Beginning in the 1870s, MacKowen spent much of his time in Anacapri on the island of Capri. He bought a number of properties including the Blue Grotto and the adjacent Roman imperial villa of Gradola. (It sounds like a joke. I, myself, once bought the Colosseum in Rome from a friendly guide, but.... In the days before mass tourism, places such as Capri were hard-scrabble farming communities always strapped for money. Maybe you really could just walk up and ask, “Say, how much y'all want for that Blue Grotto over there; oh, and I’ll take one o’ them Roman villas, too!”) Many of the classical fragments that MacKowen found in that area he then moved to the Casa rossa, the home he had built for himself in the town of Anacapri where they are today part of the classical items on display. He was also an avid collector of rare books and manuscripts and traveled widely in Europe, Africa, and Asia. He lived in Anacapri until 1899 and then returned to Louisiana where he died in 1901.
Besides the classical items on display within the Red House, there is an art collection on permanent display entitled “The Painted Isle,” a collection of 32 canvases from the 1800s and 1900s dedicated to the island of Capri.
[The biographical material is summarized from the McKowen-Lilly-Stirling Family Papers (MSS. 4356) in the Special Collections of Louisiana State University.]
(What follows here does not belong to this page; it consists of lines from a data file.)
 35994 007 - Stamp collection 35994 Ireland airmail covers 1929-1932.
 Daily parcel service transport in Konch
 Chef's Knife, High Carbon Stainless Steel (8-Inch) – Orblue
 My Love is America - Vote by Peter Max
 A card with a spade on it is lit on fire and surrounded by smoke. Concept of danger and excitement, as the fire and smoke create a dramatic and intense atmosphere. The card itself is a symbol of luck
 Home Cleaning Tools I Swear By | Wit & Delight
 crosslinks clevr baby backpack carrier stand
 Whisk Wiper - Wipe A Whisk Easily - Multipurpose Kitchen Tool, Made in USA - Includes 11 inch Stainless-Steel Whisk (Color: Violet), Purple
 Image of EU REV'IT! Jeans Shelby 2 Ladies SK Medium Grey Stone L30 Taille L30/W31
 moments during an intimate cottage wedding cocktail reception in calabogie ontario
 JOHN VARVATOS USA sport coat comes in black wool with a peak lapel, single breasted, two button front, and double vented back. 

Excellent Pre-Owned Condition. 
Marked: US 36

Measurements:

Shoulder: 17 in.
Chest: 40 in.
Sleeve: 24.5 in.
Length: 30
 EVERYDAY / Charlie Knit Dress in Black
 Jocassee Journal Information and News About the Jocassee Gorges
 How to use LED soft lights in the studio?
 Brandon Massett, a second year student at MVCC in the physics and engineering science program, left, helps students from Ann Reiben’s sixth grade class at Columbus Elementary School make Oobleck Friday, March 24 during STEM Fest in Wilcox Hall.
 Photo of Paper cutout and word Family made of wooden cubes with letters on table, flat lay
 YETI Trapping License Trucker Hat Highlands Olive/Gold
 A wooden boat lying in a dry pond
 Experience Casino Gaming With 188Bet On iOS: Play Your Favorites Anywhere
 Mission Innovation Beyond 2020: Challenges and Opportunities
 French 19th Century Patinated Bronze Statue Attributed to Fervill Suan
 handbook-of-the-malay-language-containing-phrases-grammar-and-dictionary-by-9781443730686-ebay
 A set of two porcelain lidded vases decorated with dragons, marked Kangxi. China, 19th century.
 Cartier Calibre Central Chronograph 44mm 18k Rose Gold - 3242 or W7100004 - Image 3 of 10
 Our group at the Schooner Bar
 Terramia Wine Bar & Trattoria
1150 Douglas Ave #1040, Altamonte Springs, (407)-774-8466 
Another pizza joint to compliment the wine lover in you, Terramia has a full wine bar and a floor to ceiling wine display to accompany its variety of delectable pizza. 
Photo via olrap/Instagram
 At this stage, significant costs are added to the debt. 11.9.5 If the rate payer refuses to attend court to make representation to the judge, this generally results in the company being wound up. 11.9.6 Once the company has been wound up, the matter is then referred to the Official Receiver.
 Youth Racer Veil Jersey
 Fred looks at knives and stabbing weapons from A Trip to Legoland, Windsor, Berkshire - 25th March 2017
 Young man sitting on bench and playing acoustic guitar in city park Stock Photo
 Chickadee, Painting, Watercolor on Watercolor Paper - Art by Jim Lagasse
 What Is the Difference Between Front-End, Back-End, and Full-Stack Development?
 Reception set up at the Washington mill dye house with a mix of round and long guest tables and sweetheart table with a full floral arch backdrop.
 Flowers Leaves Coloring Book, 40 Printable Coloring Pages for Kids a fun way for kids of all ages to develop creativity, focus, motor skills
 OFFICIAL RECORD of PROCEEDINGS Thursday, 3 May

entry October 2012My intuition that MacKowen and Munthe had something in common has been vindicated! I've just had a look at a recent publication: Capri, The Island Revisited, John Clay Mackowen's classic text, with comprehensive new material based on current findings and research, published 2012 by Beaconsfield Publishers in the UK. The work is a republication and expansion of Mackowen's original book entitled, simply, Capri, published in 1884, a work that Norman Douglas praised, frustratedly, in 1952 with the words "...[the work] is so scarce and informative that it deserves to be reprinted, this time, let us hope, with an index." He would like this edition.
Cover Photo by Antonio Federico
Back to MacKowen and Munthe. I see from the preface by the editor (Anna Maria Palombi Cataldi of the University of Naples) that,
The two men detested each other, and on one occasion an argument about a newly unearthed statue led to a challenge to a duel, though it never took place as they were unable to agree on the choice of weapon.
I'm glad they didn't kill each other since that might have interfered with the publication of at least four good books about the area: Munthe's own The Villa of San Michele; also his powerful Letters from a Mourning City about the cholera epidemic of 1884 in Naples; then MacKowen's original Capri, indeed informative and a good read, and, finally, this republication, the new material in which updates and balances the original text across more than a century; together the two parts constitute a worthwhile addition to literature about Capri. I am always wary of new books about Capri. It's a crowded field, but if you think about it, it's crowded with pamphlets, postcards and guide books, but not necessarily good books, and there is always room for one of those. This one is good.
MacKowen's original text covers 120 pages in this edition (I'm guessing 50,000 words) divided into seven chapters: Geological; Topography and Climate; History; Why Tiberius came and remained in Capri; History during the Middle and Modern Times; Habits and Customs; Description.
Though I was not particularly interested in the personal life of MacKowen, that tidbit about the duel was a good one. It turns out, from many accounts, that JCM was not at all an entirely agreeable person. I can forgive him (since I am an entirely agreeable person!) even though I am not yet ready to retract the catty things I had to say (item at top of page) about that Red House of his. Whatever MacKowen's other defects, he was a conscientious and good writer and certainly did his homework regarding Capri. I opened the book at random and stabbed my finger onto some spots:
...the hatred between the people of Capri and Anacapri is as strong now as it was centuries ago.I'm pretty sure that one is true (or at least as true as it was 128 years ago) because I spend time in Anacapri and have even written a bit in these pages about the enmity. Try another:
...The young men have provided themselves with sacks of sweetmeats, and during the meal throw them at the young women, the prettier the girl, the more sweetmeats she receives in her face...she throws them back and a general war ensures...".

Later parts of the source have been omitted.